Przejdź do głównej zawartości

Jak wspomóc dziecko w samodzielnym zasypianiu? Recenzja książki "Zasypiamy bez mamy" Clary Mas Bassas

Witajcie! Wszyscy doskonale wiemy, że decyzja o tym, by dziecko zaczęło spać samo w swoim pokoju, jest ważnym momentem nie tylko dla dziecka, ale i dla jego rodziców. Często jest to dla nas nie lada wyzwanie i nie zawsze ten moment przechodzi według naszej myśli.

Nie tak dawno na rynku książkowym pojawiła się opowieść o tym, jak pomóc dzieciom i dorosłym w tak ważnym momencie, jakim jest samodzielne zasypianie dziecka. Książka ta to "Zasypiamy bez mamy", którą napisała Clara Mas Bossas.

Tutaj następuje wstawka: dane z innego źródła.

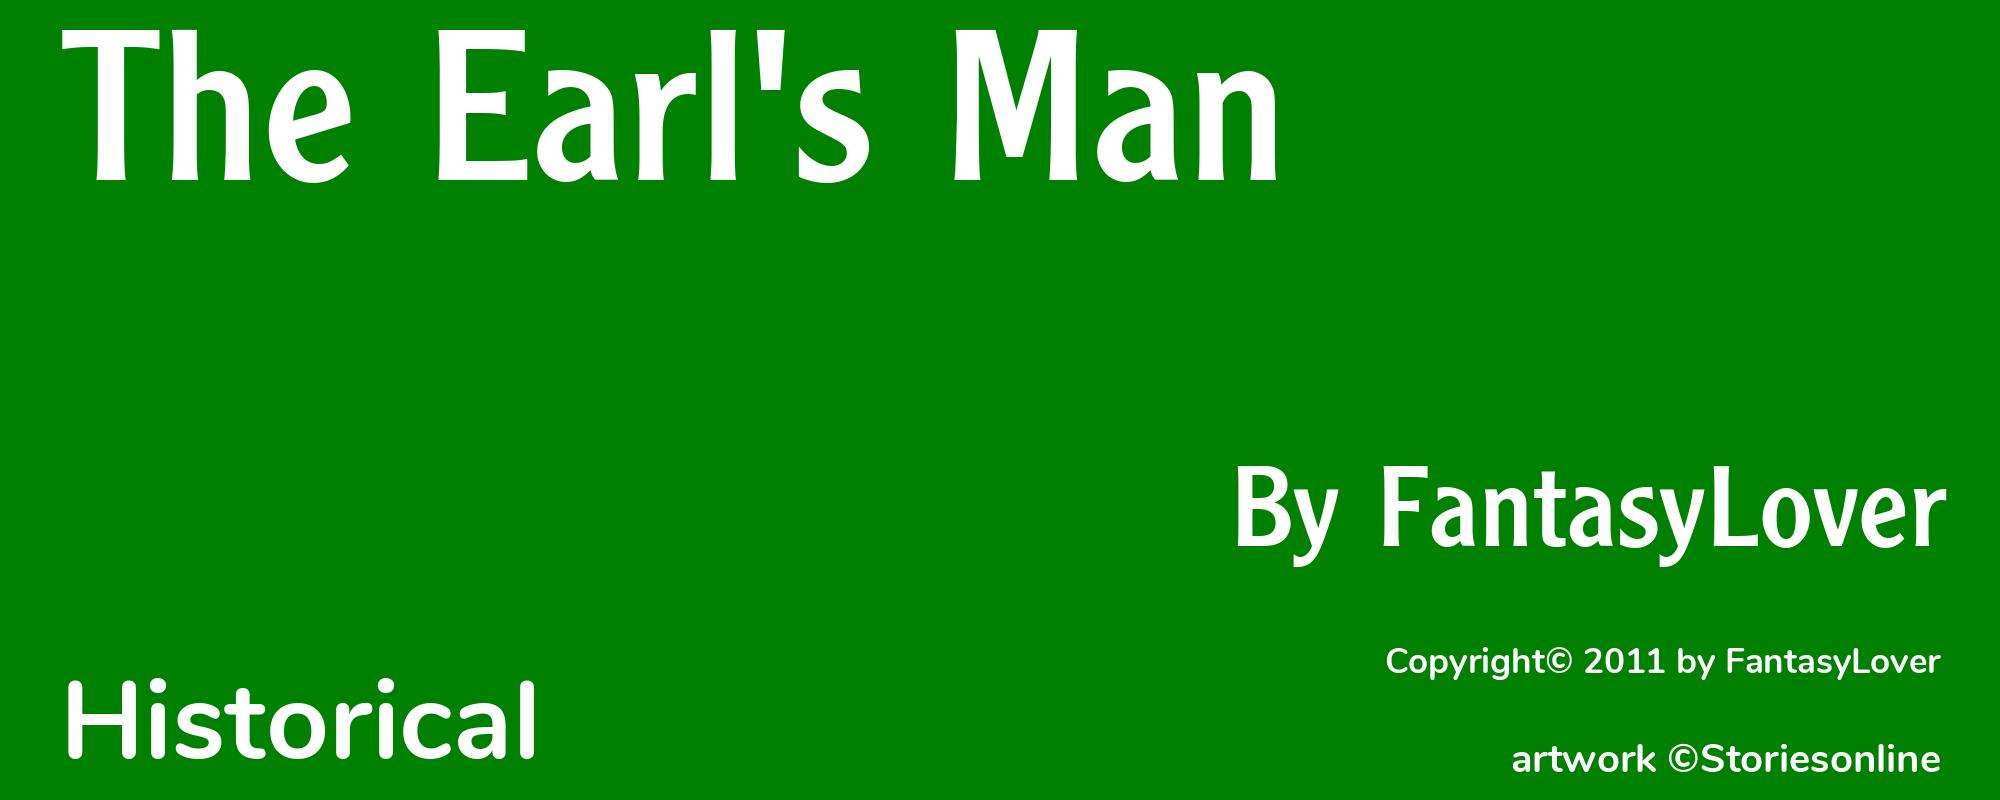 The Earl's Man - Cover

Przeznaczona jest dla dzieci od 3 roku życia, jednak ja czytam ją mojemu dwulatkowi (pomału chcę go oswoić z tą tematyką, chociaż wiem, że jeszcze długa droga przed nami. 

Ilustracje wykonane przez Judi Abbot są śliczne. Z resztą zobaczcie sami...

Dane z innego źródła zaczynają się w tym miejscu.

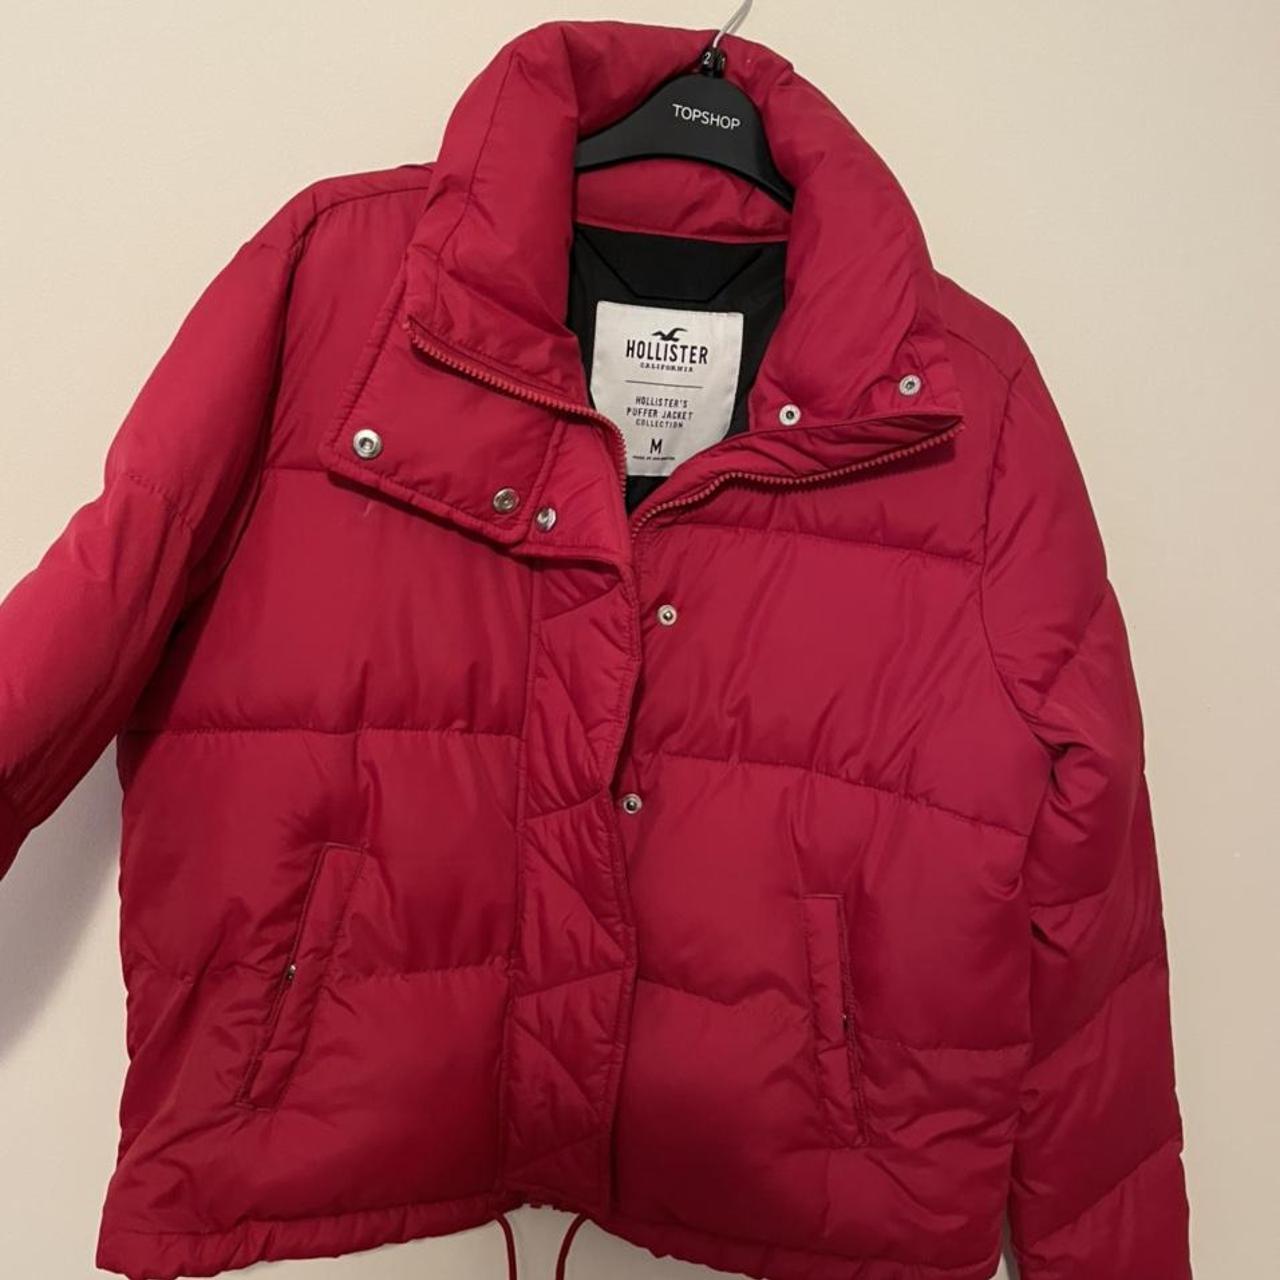 Hollister Puffer Jacket Red Size L - $18 (72% Off Retail) - From Tiana

Poznajemy tutaj małą Matyldę, która właśnie dzisiaj po raz pierwszy będzie spała sama w swoim pokoju, w nowym dużym łóżku.

Towarzyszą jej tutaj różne emocje jest radość (między innymi z nowej pościeli w gwiazdki i planety), duma (przecież jest już taka duża). Jednak autorka nie zapomina także o emocjach z tej drugiej strony. Są nimi strach, zdenerwowanie. Pokazane jest tutaj, że te emocje wcale nie są złe. To normalne, że towarzyszą dziewczynce- trzeba tylko prostu nauczyć się z nimi radzić. 

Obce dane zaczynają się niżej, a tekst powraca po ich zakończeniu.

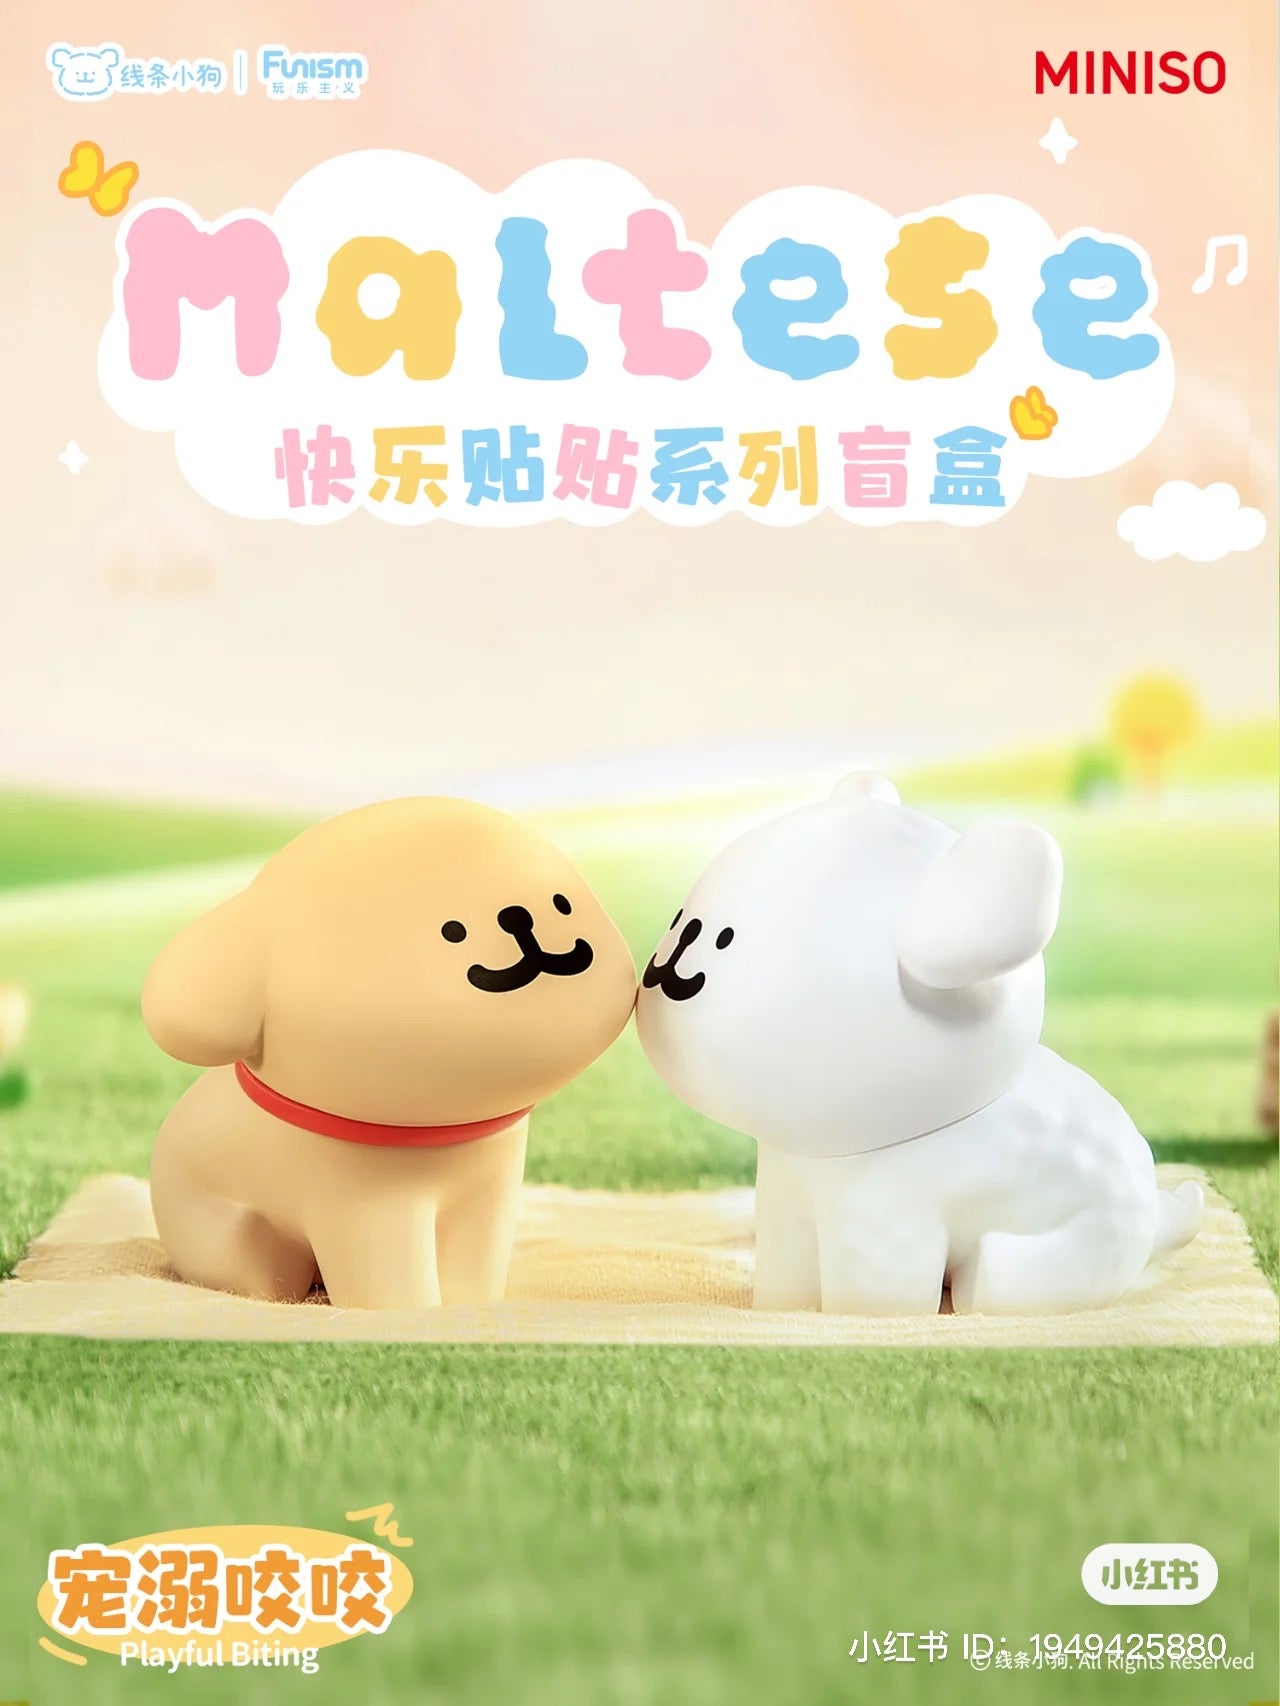 A blind box series featuring Maltese Happy Snuggling toy animals. Includes 6 regular designs and 1 secret variant. Available at Strangecat Toys.

Rodzice Matyldy starają się uspokoić dziewczynkę i zapewniają ją. że spanie w pojedynkę może być wspaniałą przygodą. Dostaje ona nawet pewne rady...

Na końcu książeczki znajdziemy porady specjalistki w dziedzinie rozwoju emocjonalnego. Tematy jakie zostały tutaj poruszone to np. wypracowanie wieczornych rytuałów, relaksacja, strach przed ciemnością czy też lęki związane z koszmarami. Kilka z nich już znałam, a inne w najbliższym czasie wprowadzę podczas naszych rytuałów związanych z zasypianiem. Mój dwulatek to "ciężki orzech do zgryzienia" i na razie najlepiej śpi mu się w sypialni rodziców i to na ich łóżku- taki z niego gagatek :)

"Zasypiamy bez mamy" to książka po którą jeszcze nieraz sięgniemy. Polecamy!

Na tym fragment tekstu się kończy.